[GIVEN MATERIAL — start]
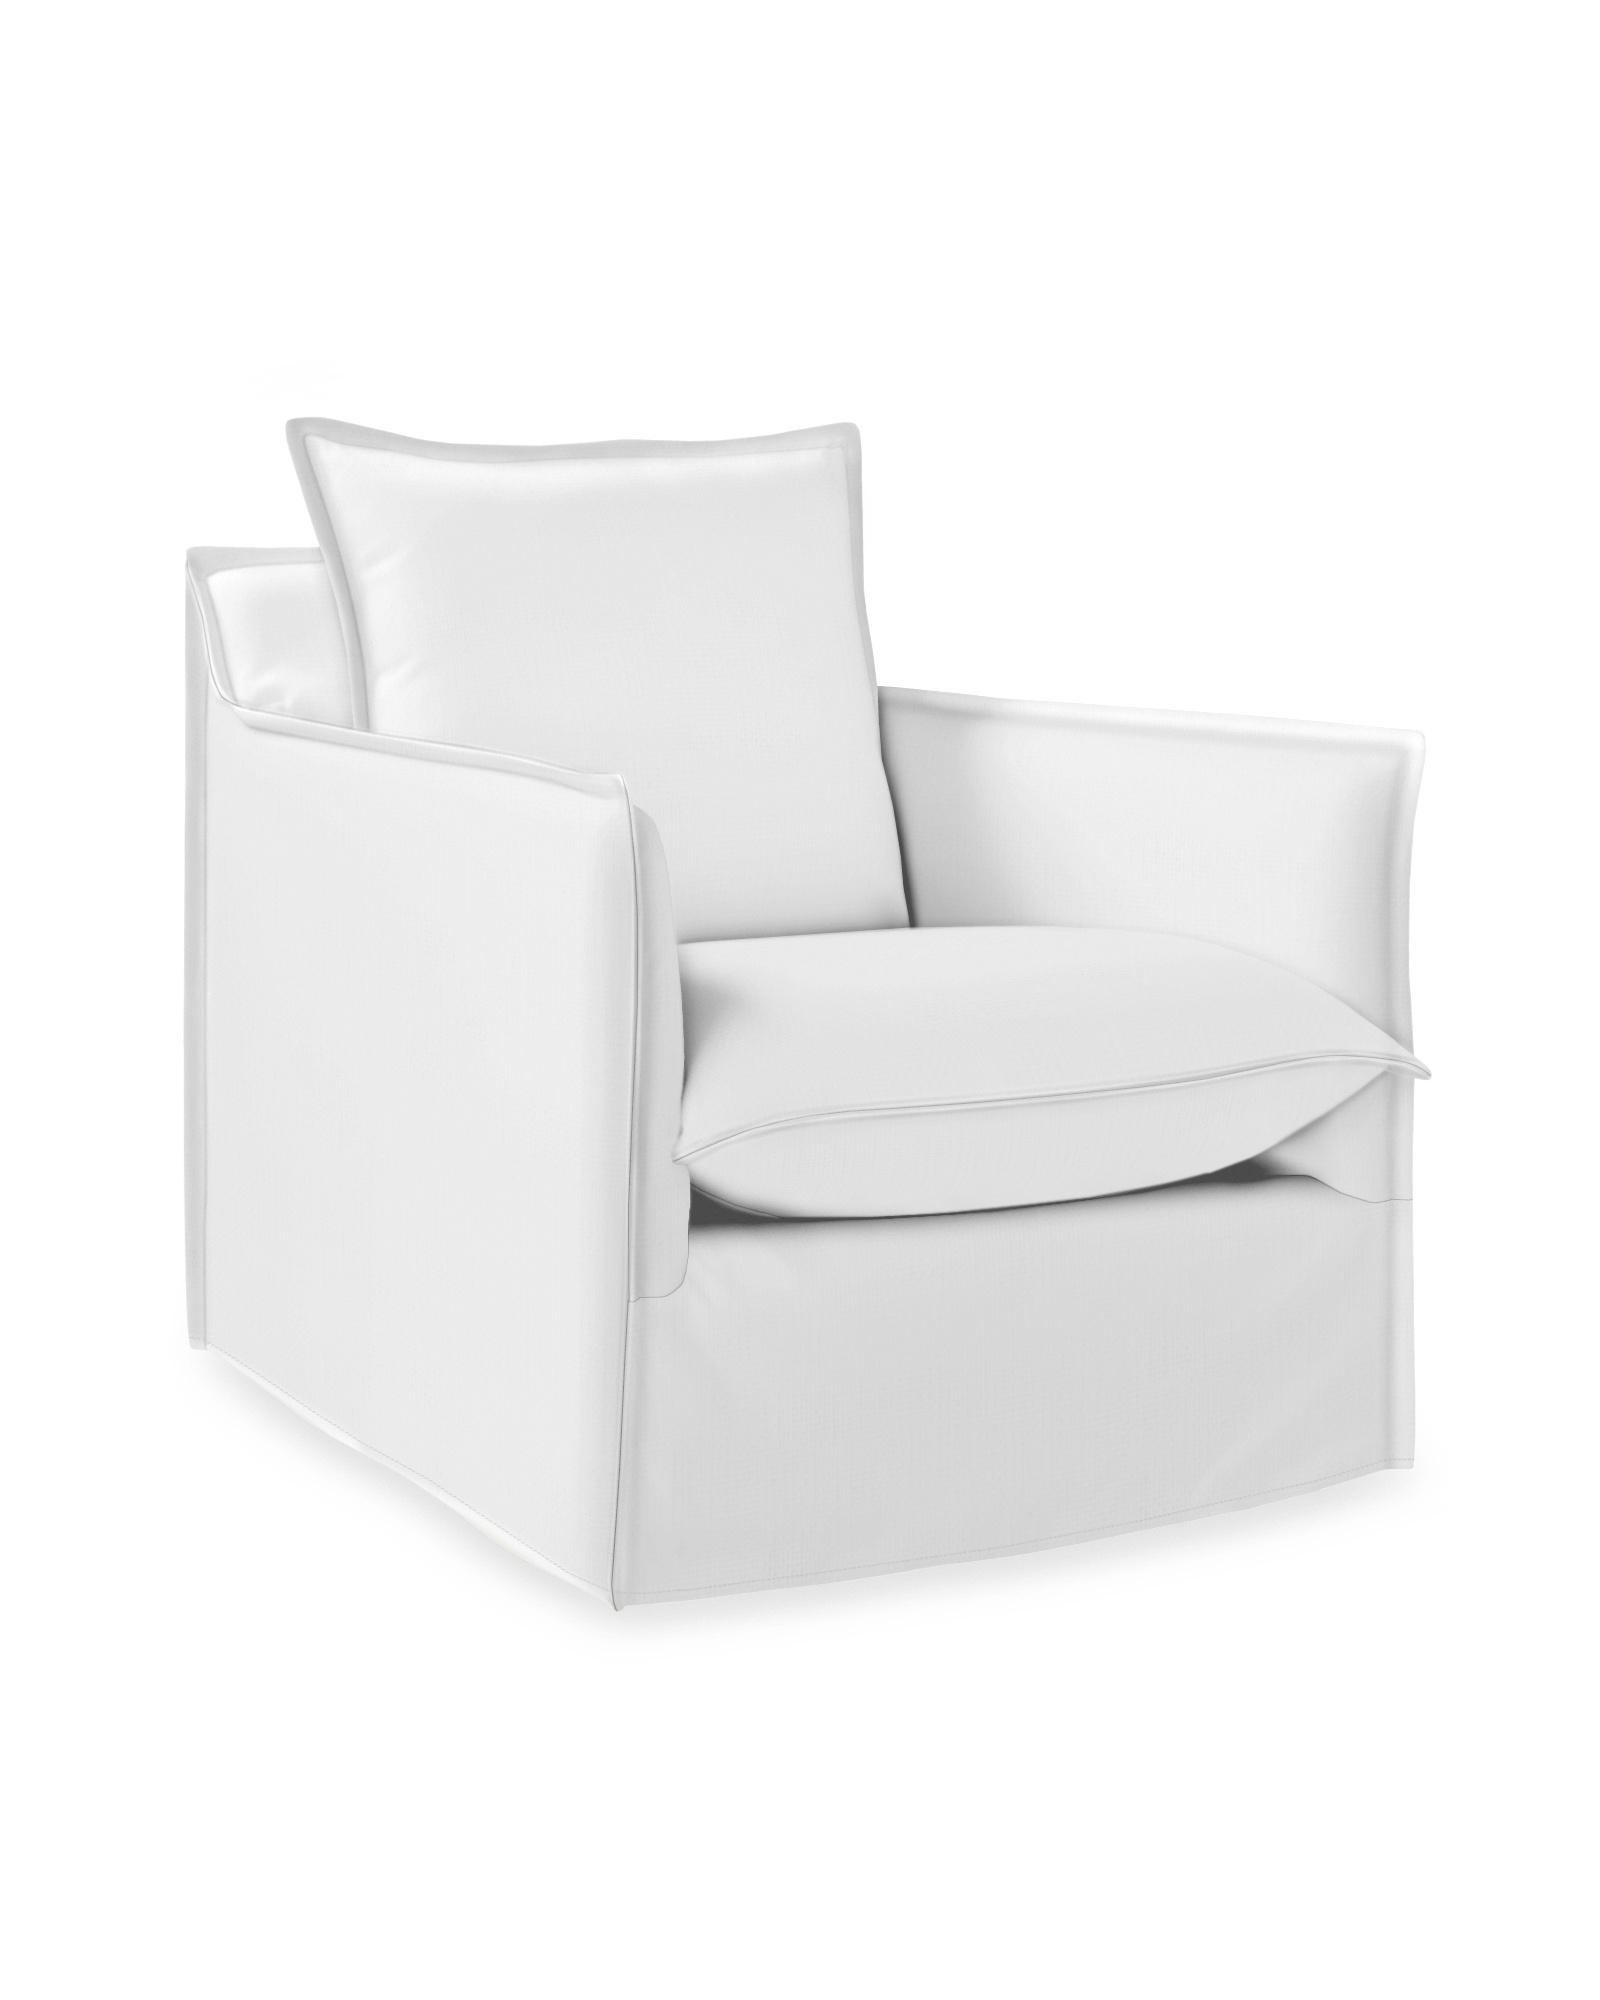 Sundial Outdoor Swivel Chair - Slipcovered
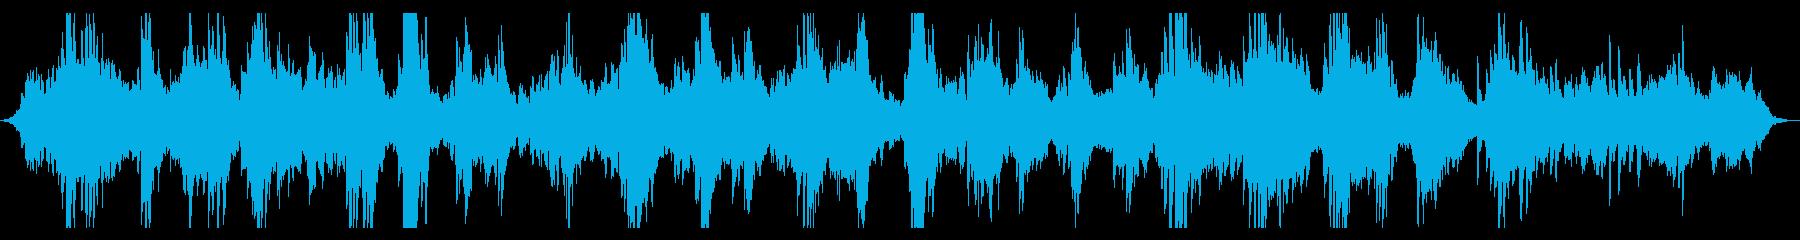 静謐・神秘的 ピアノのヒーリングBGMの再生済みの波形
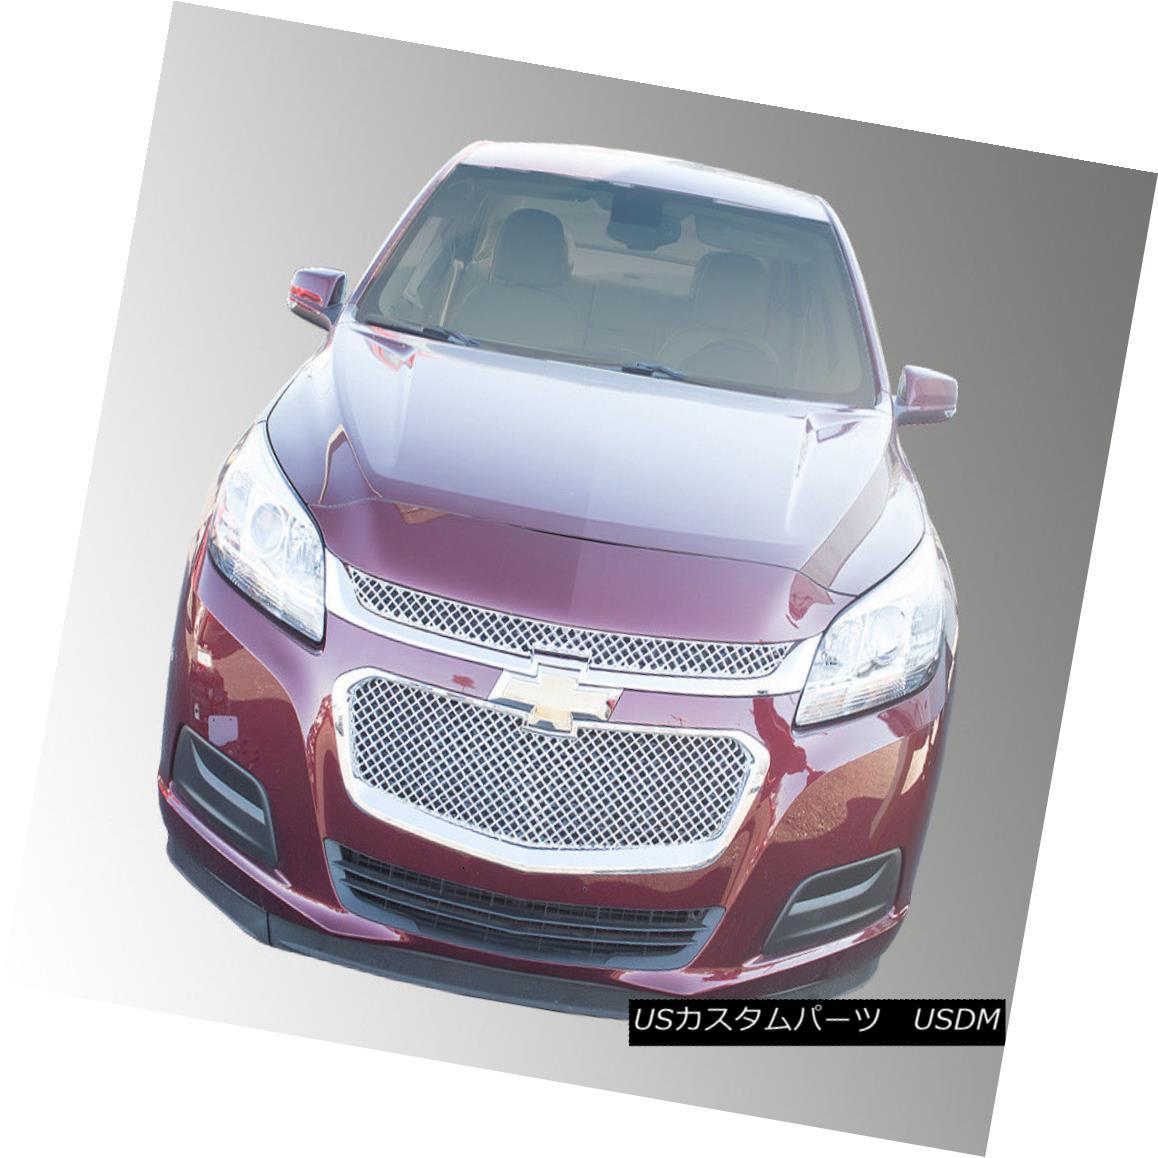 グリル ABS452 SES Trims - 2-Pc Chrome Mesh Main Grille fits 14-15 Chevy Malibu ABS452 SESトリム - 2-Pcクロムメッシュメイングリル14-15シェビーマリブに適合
[GIVEN MATERIAL — finish]
* _WORK TO BE COMPLETED_: Please reproduce all the material exactly. Pictures stay out of the copy.

* _EXERCISE RESULT_:
 Sundial Outdoor Swivel Chair - Slipcovered
 静謐・神秘的 ピアノのヒーリングBGMの再生済みの波形
 グリル ABS452 SES Trims - 2-Pc Chrome Mesh Main Grille fits 14-15 Chevy Malibu ABS452 SESトリム - 2-Pcクロムメッシュメイングリル14-15シェビーマリブに適合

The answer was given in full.